The answer must reproduce the listing exactly, with every picture left out.

■ Data segment:
|---|

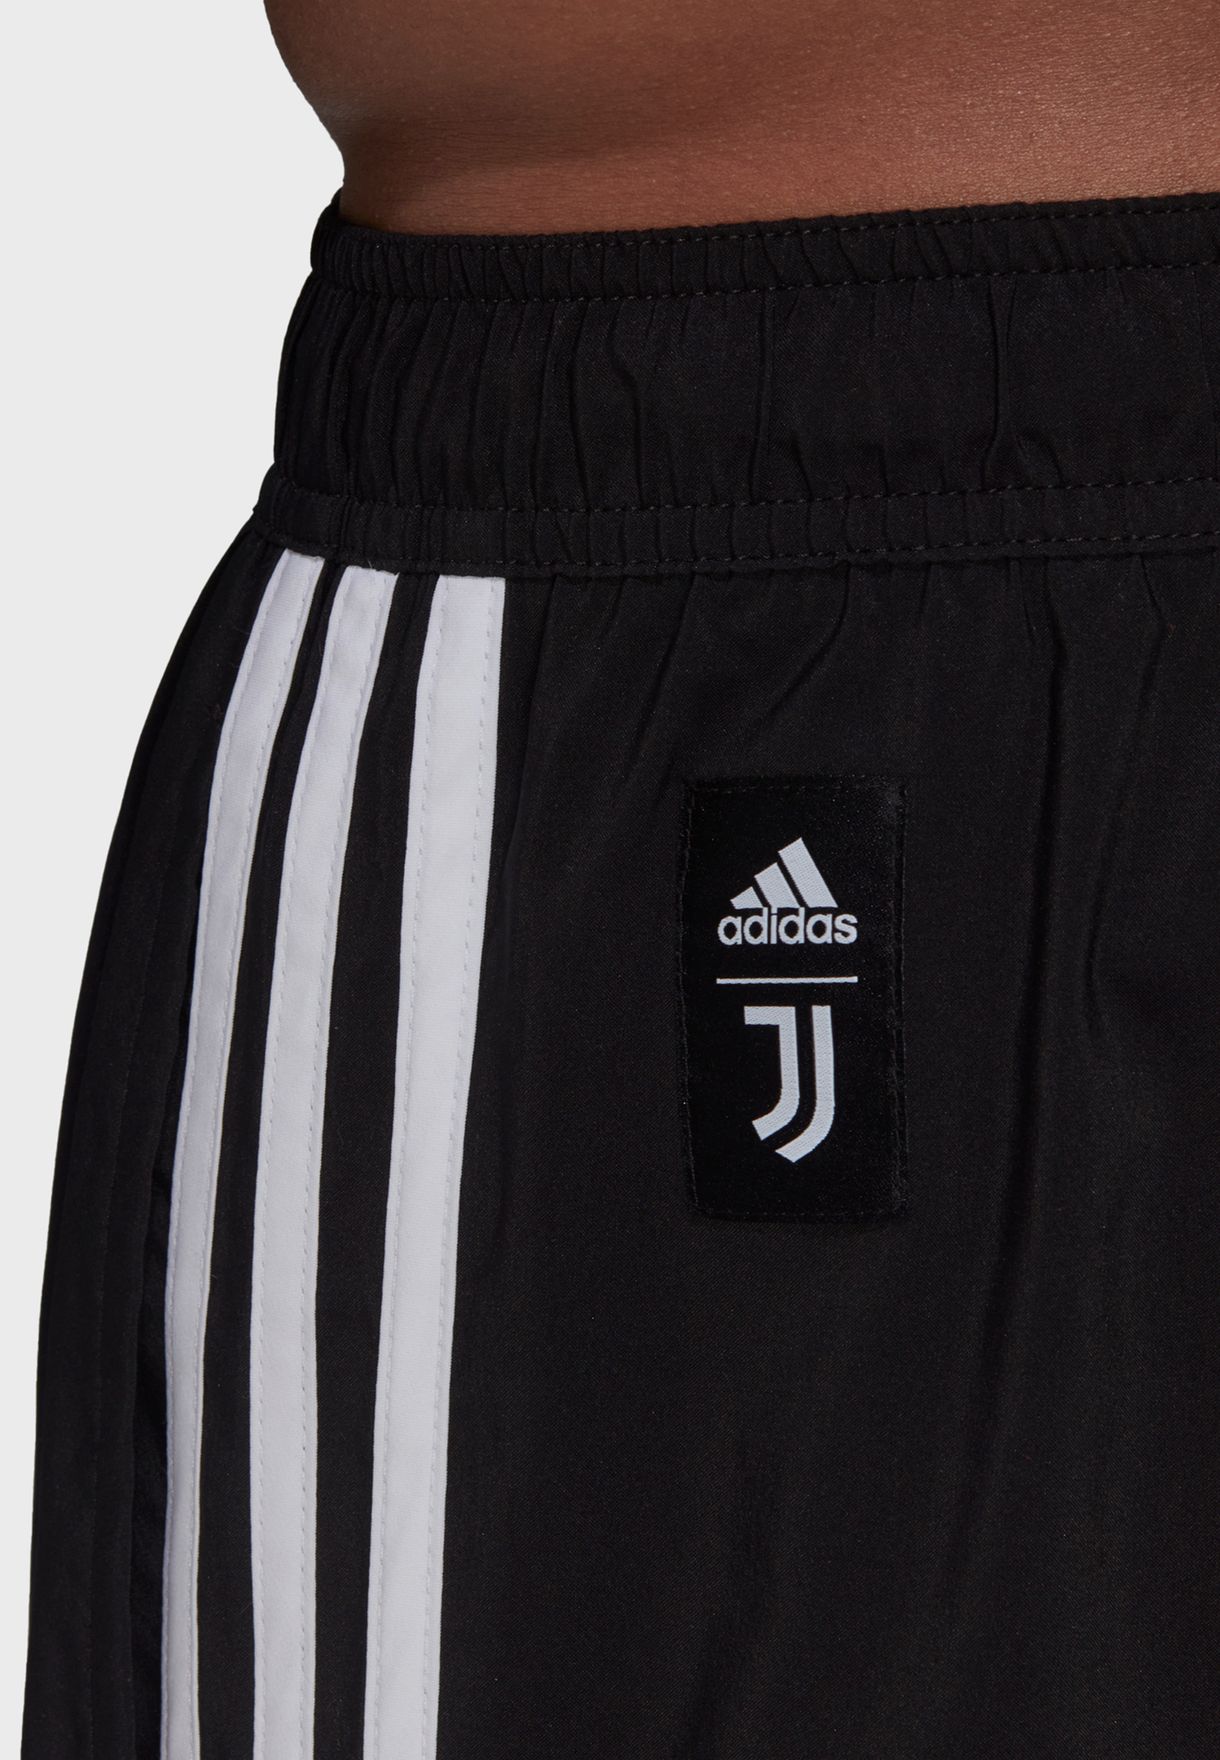 Juventus Classic Shorts
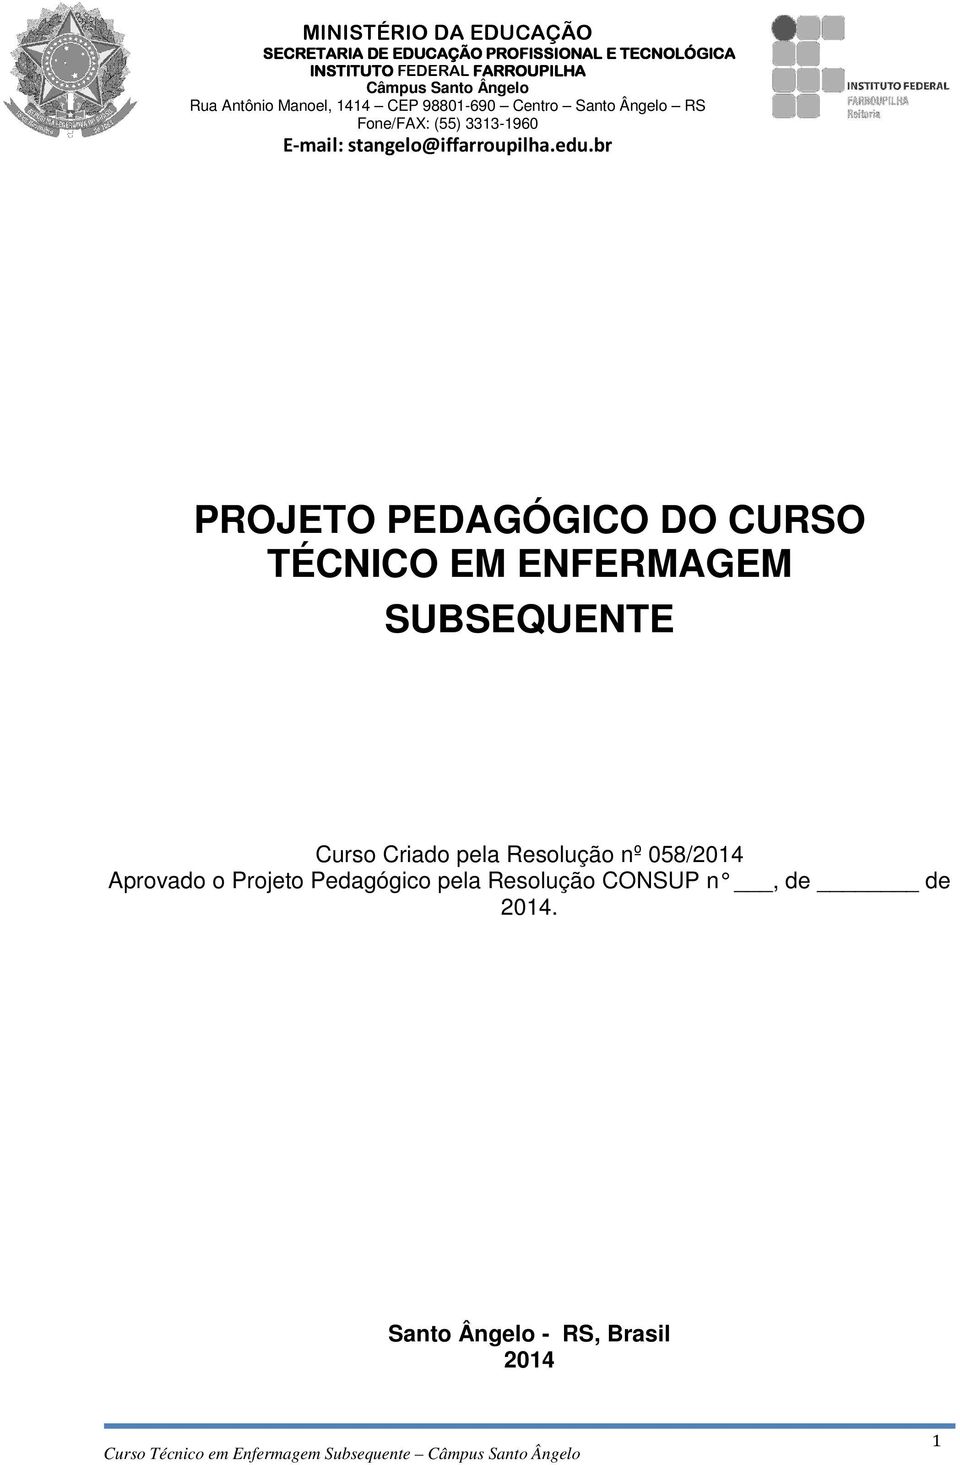 Pedagógico pela Resolução CONSUP n, de de 2014.
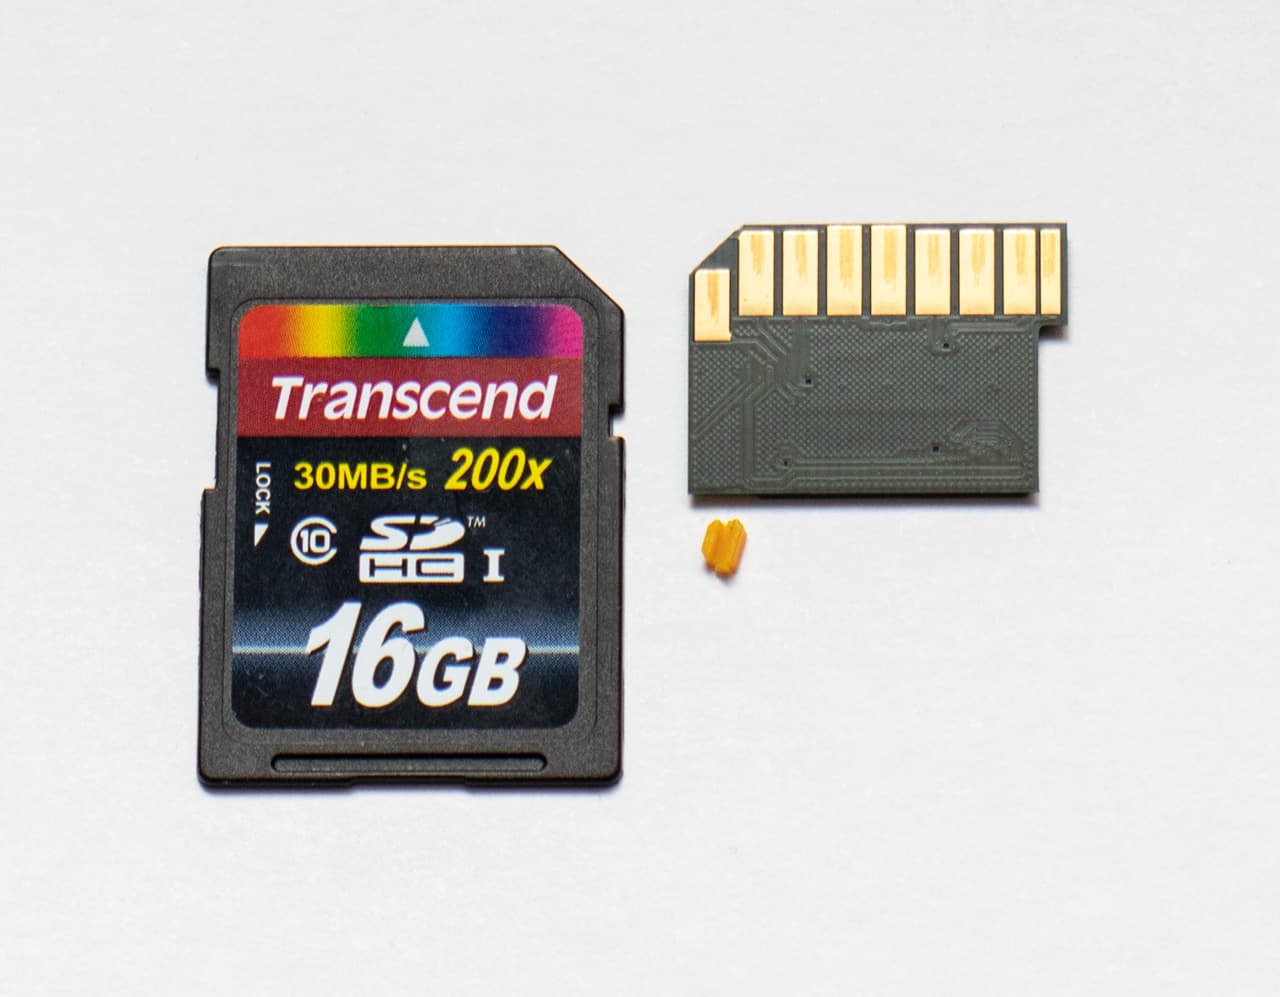 Плата толщиной < 0,25 мм на чипе памяти

|---|

■ Solution:
 Juventus Classic Shorts
 Pedagógico pela Resolução CONSUP n, de de 2014.
 Плата толщиной < 0,25 мм на чипе памяти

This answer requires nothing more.